Mark Moyar (2006) Triumph Forsaken
publ. Cambridge University Press ISBN: 0521869110

"In October 1962, on the eve of the Cuban Missile Crisis, Kennedy asked the CIA Director John McCone to suppress information on the arrival of Soviet medium bombers in Havanna until the completion of the mid-term Congressional elections. If such information became known to the press before that time, Kennedy said, it would become a contentious campaign issue and thus restrict his freedom of action. In addition, Kennedy requested that "all future information be suppressed." The President backed off only after McCone notified him that the intelligence on the bombers had already been dissemminated and that a policy of suppressing future information would be "extremely dangerous".

"One of the first and most significant attempts to enforce Kennedy's new press policy came in the middle of December 1962, when the USS Core traveled to South Vietnam carrying the better part of two helicopter companies. Officers on board the Core were under orders to keep secret the number of men and aircraft the ship was transporting. Blowing out billows of black smoke from its single stack, the huge gray aircraft ferry plowed forty-five miles up a tributary of the Mekong River, then followed the Saigon River to the only dock in Saigon suitable for unloading the ship's heavy cargo, which happened to be right in front of the Hotel Majestic and the Cafe Terrasse, two hangouts of the foreign press.

"'Is that an aircraft carrier across the street?' the correspondents asked US officials.

"'No comment,' came the reply.

"Some of the reporters were infuriated by this secretiveness... The alienation of the American press from the US government had begun."

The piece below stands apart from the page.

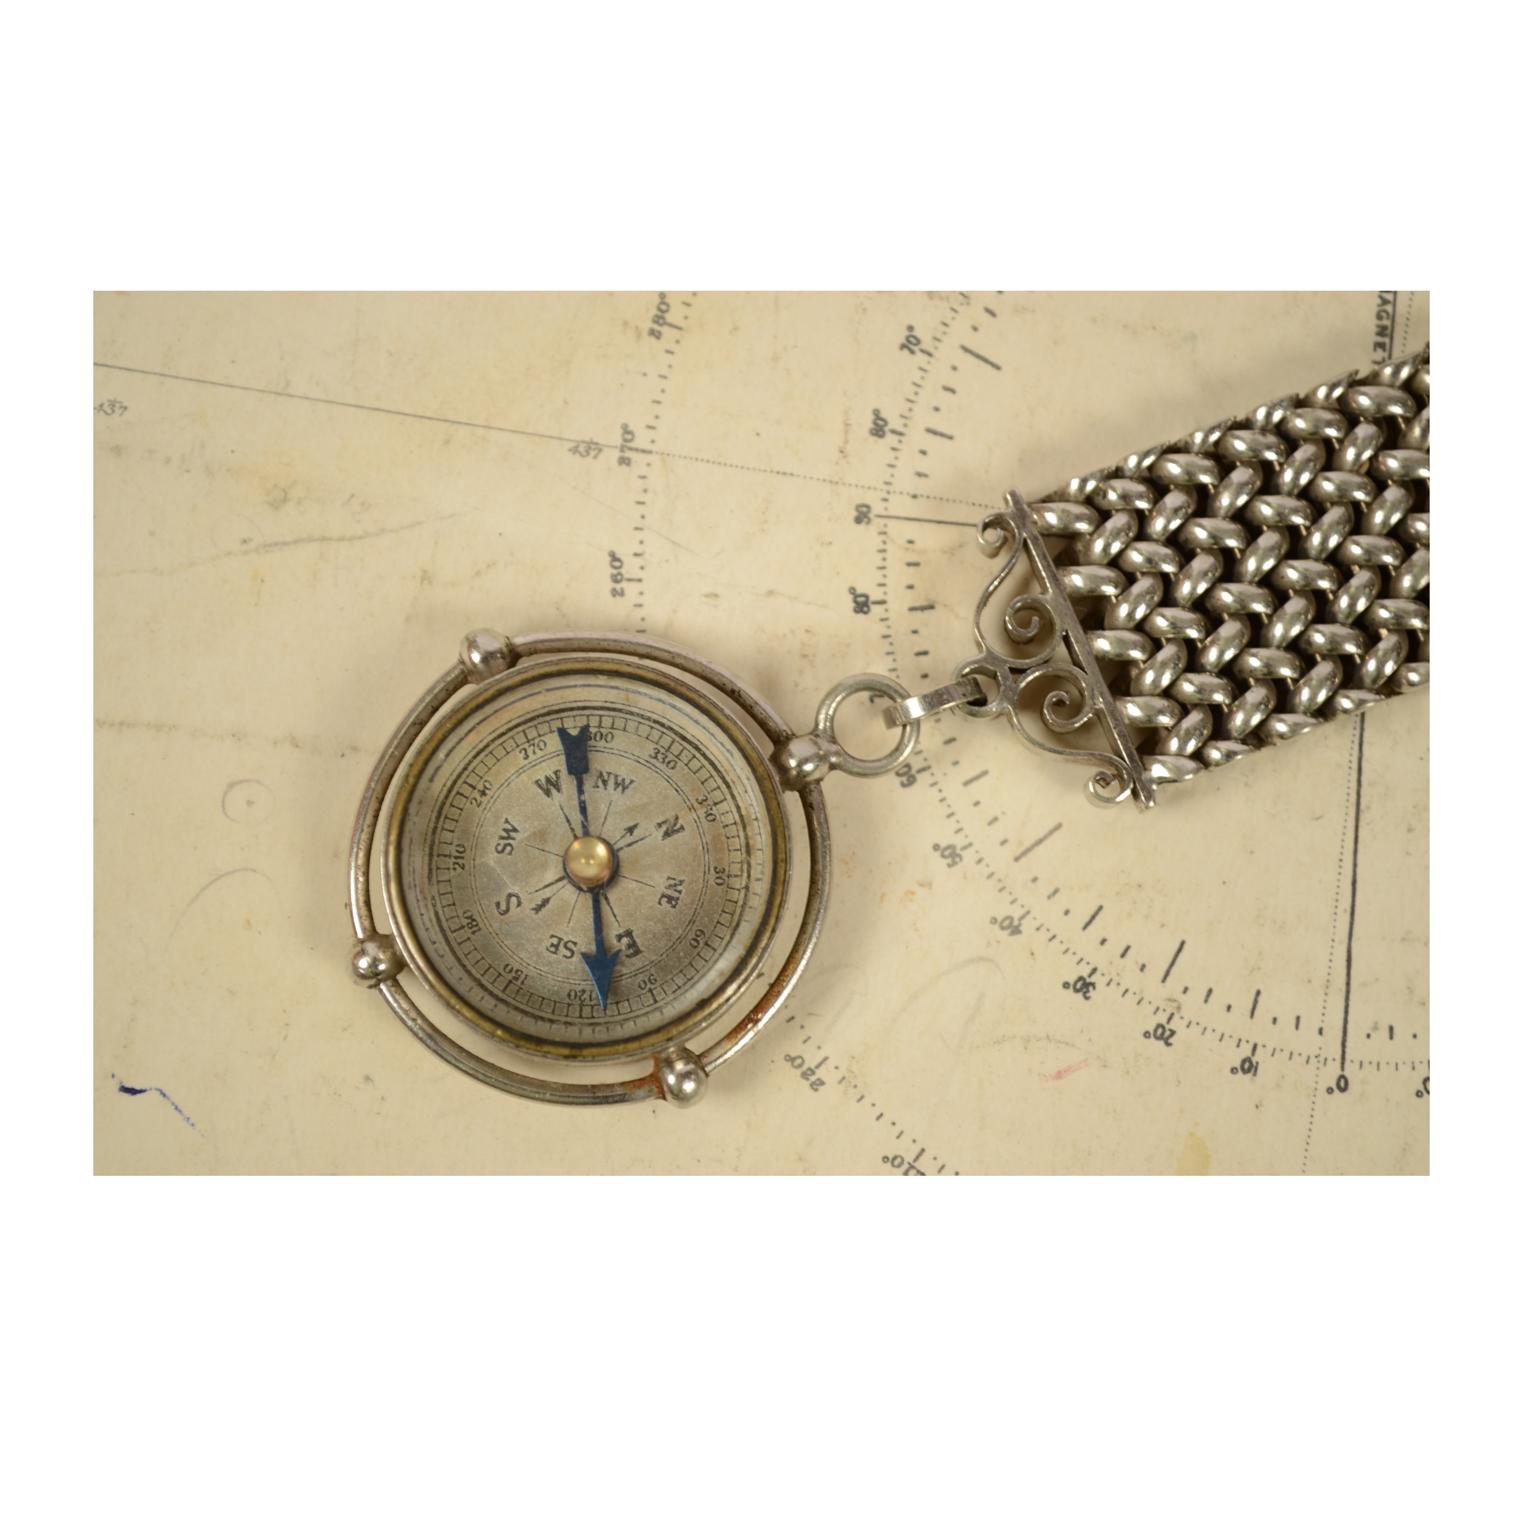 Magnetic chromed brass compass with a wide chain with hook, English manufacture of the early 1900s. Good condition and fully functional. Length 17 cm - 6.69 inches, diameter 4.5 cm - 1.77 inches, thickness cm 1 - inches 0.39.

ps: Triumph Forsaken back cover blurb:

"Drawing on a wealth of new evidence from all sides, Triumph Forsaken overturns most of the historical orthodoxy on the Vietnam War. Through the analysis of international perceptions and power, it shows that South Vietnam was a vital interest of the United States. The book provides many new insights into the overthrow of Ngo Dinh Diem in 1963 and demonstrates that the coup negated the South Vietnamese government's tremendous, and hitherto unappreciated, military and political gains between 1954 and 1963. After Diem's assassination, President Lyndon Johnson had at his disposal several aggressive policy options that could have enabled South Vietnam to continue the war without a massive US troop infusion, but he ruled out these options because of faulty assumptions and inadequate intelligence, making such an infusion the only means of saving the country."